Gone is the ambitious advertising campaigns and the complementary coffee table that used to be a staple for the campus community, replaced by decay masquerading as a permanent installation.
At the heart of the Rose lies a black hole where the reflecting pool under the staircase once stood. Who knows what goes on after its limited opening hours? Who has a say in the artworks that are displayed and the exhibitions that are assembled before every semester? In the time where there is such a necessity for transparency both on and off campus, will it have to take yet another bombshell for the Rose to produce its own 25-page report?
This opaqueness is in great part what contributes to one of the biggest identity crises on campus. To us common Brandeis students, is the Rose Art Museum a right or a privilege? The current state of the museum certainly seems to lean towards the latter.
According to its website, we are supposed to be grateful by it being “always FREE” and take pride in its Picassos and Kusamas, among others. Yet, what is the use in clinging to these superfluous labels when in reality it is still virtually impossible for the everyday student to gain access to the over 9000 pieces of trapped artwork that the museum purports to be sitting on?
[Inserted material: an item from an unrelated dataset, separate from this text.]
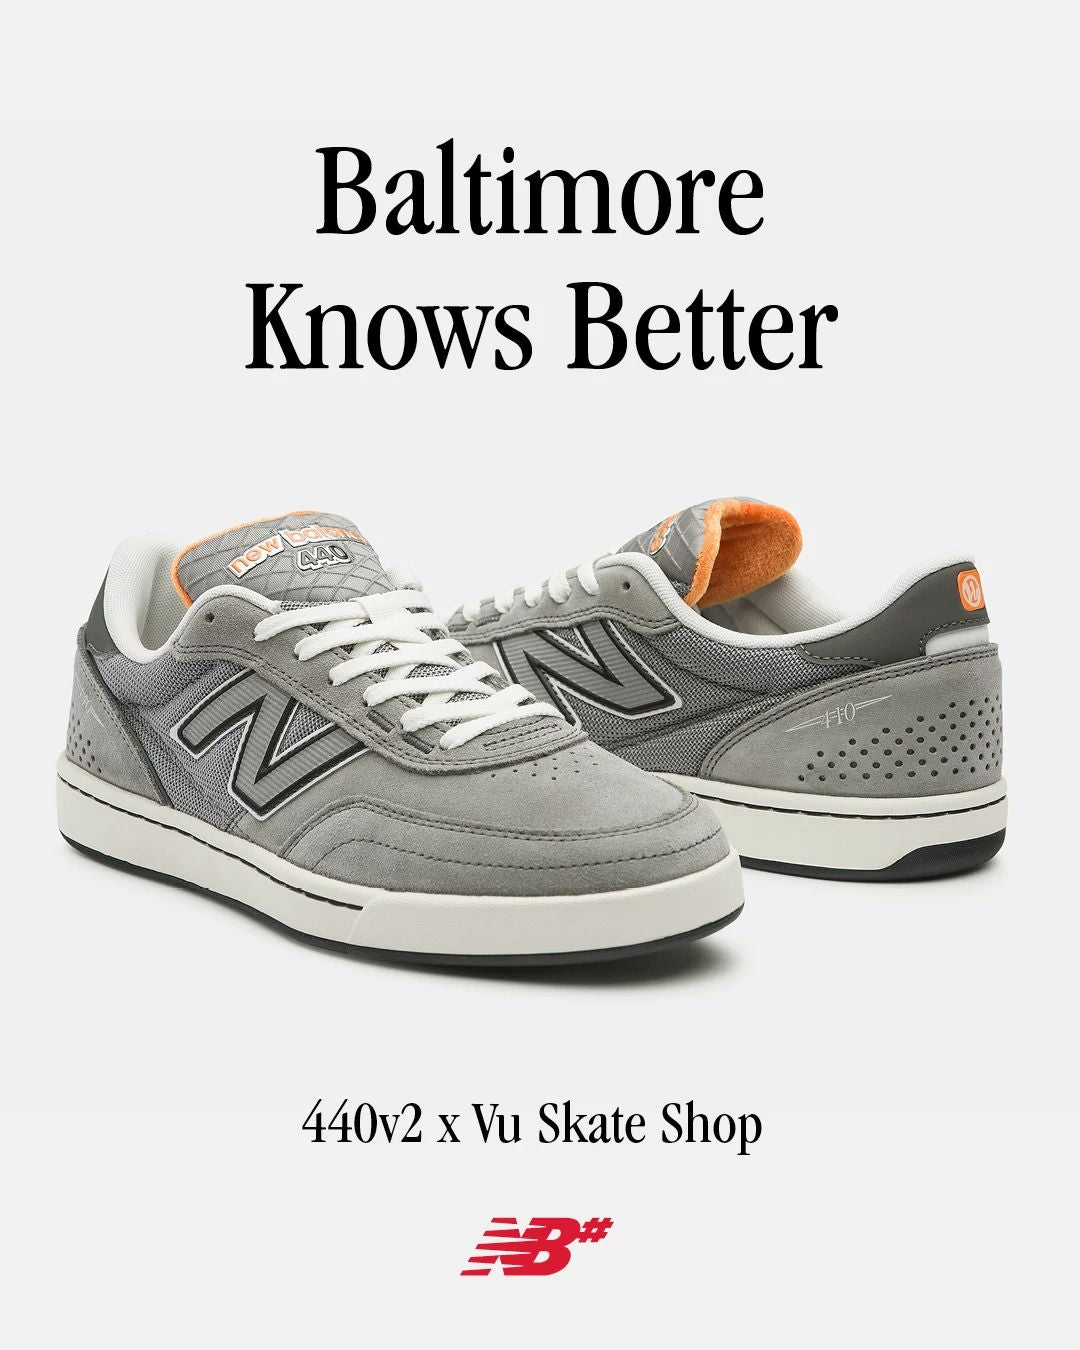 New Balance 440v2 X Vu Skate Shop - Venue Skateboards

Meanwhile the facts are clear, there is no reason for the Rose to not be a right for all Brandeisians if our tuition is actively being used towards its funding.
But why is the Rose so hesitant towards even the tiniest bit of real student involvement? Currently, the biggest semblance of such an offering are solely the student gallery attendants, which unfortunately just make the Rose appear to be more invested in making sure students do not touch the artworks rather than giving them more resources so they can fully explore the true breadth of knowledge that these artworks can provide us.
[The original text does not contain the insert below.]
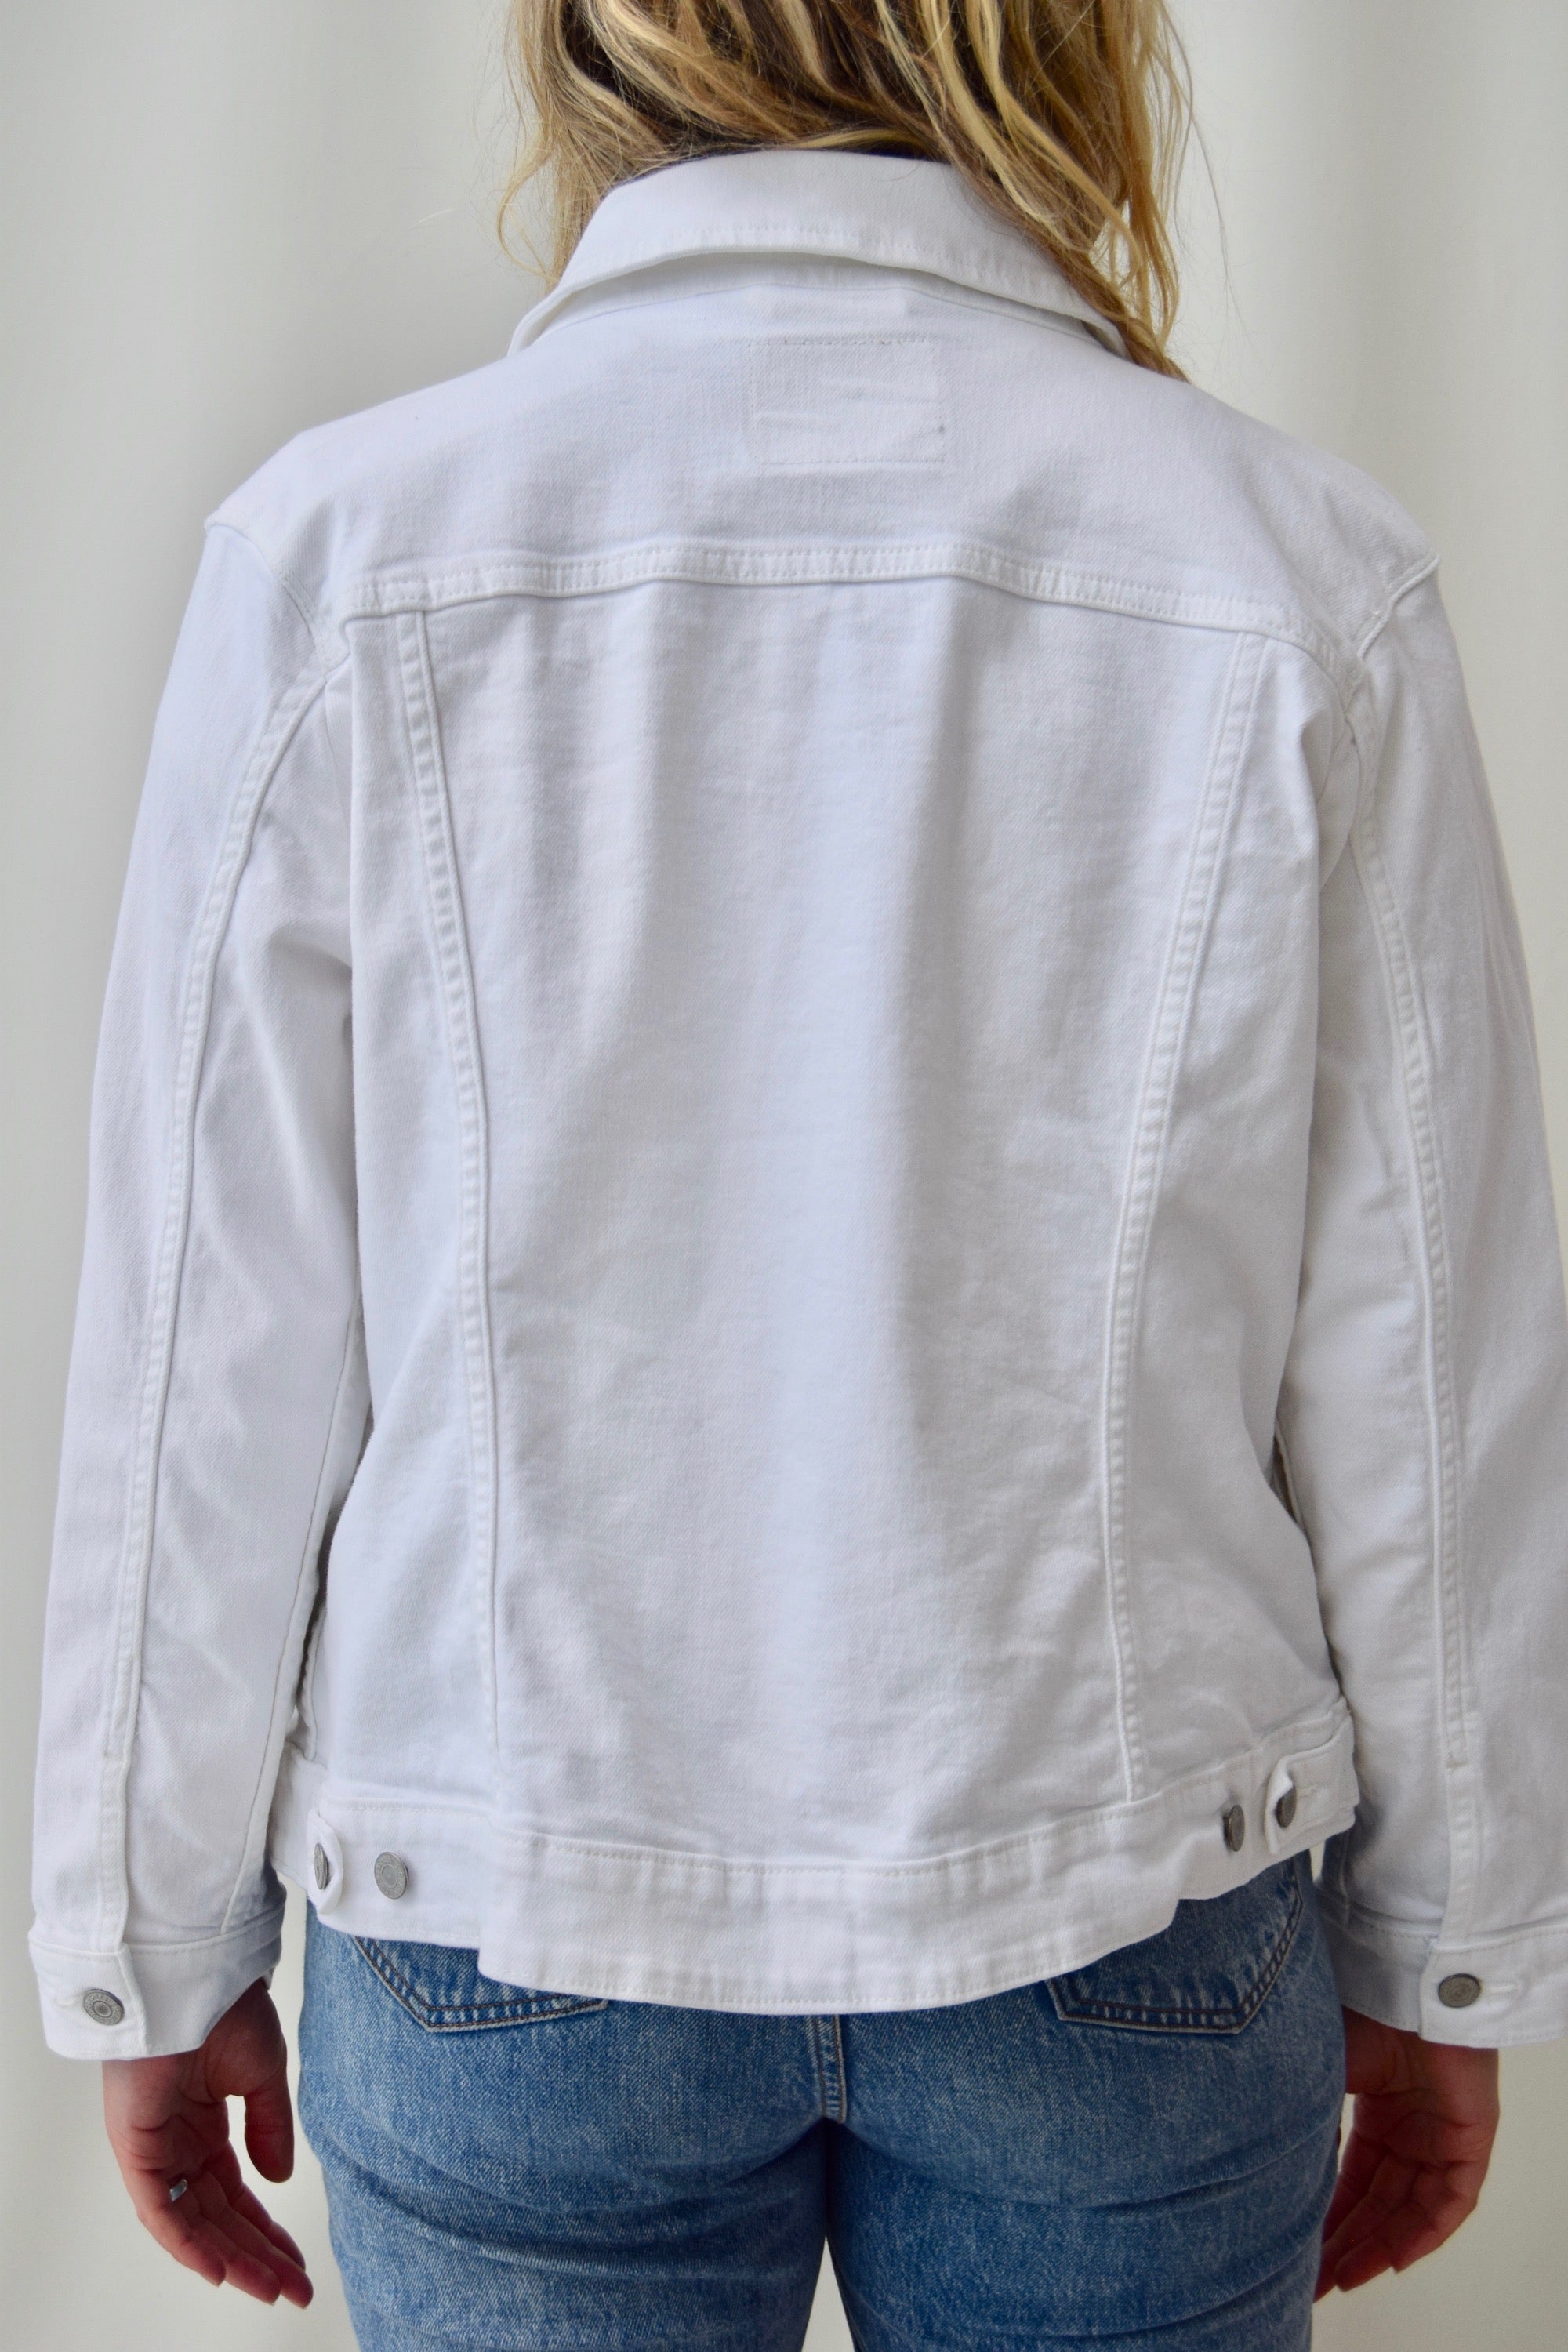 Levi's White Denim Jacket

In another example, the Student Committee for the Rose Art Museum, or SCRAM, is an exemplary campus organization that has done a great service to the student body with its many projects, yet even they do not a have much of a say in what gets to be put on in the Rose Art Museum. They meet more often in the art studios than inside the museum that their committee’s name mentions.
And let’s not forget about the Rose interns. It is indisputable that they are more than qualified to be in that position, but has anyone heard of their existence until now? Has anyone ever been reached out to by a Rose Art Intern? Don’t worry, I was as surprised as you are.
Because the truth is clear, we know better than this. We are Brandeis students. In fact, we demand better than this.
The reality outlined in the stunning report announced by the finance administrators in the community meeting almost a year ago still rings in our minds to this day, and the reality of the Rose as one of the few “world-renowned art institutions” without a gift shop or a café or any tangible means for the community to be involved in is only beginning to sink in.
It is time that the museum trusted Brandeisians whose money they use as much as the curators who they deem to know more than us. It is the only way for the Rose to avoid another repeat of the closure crisis that happened years ago.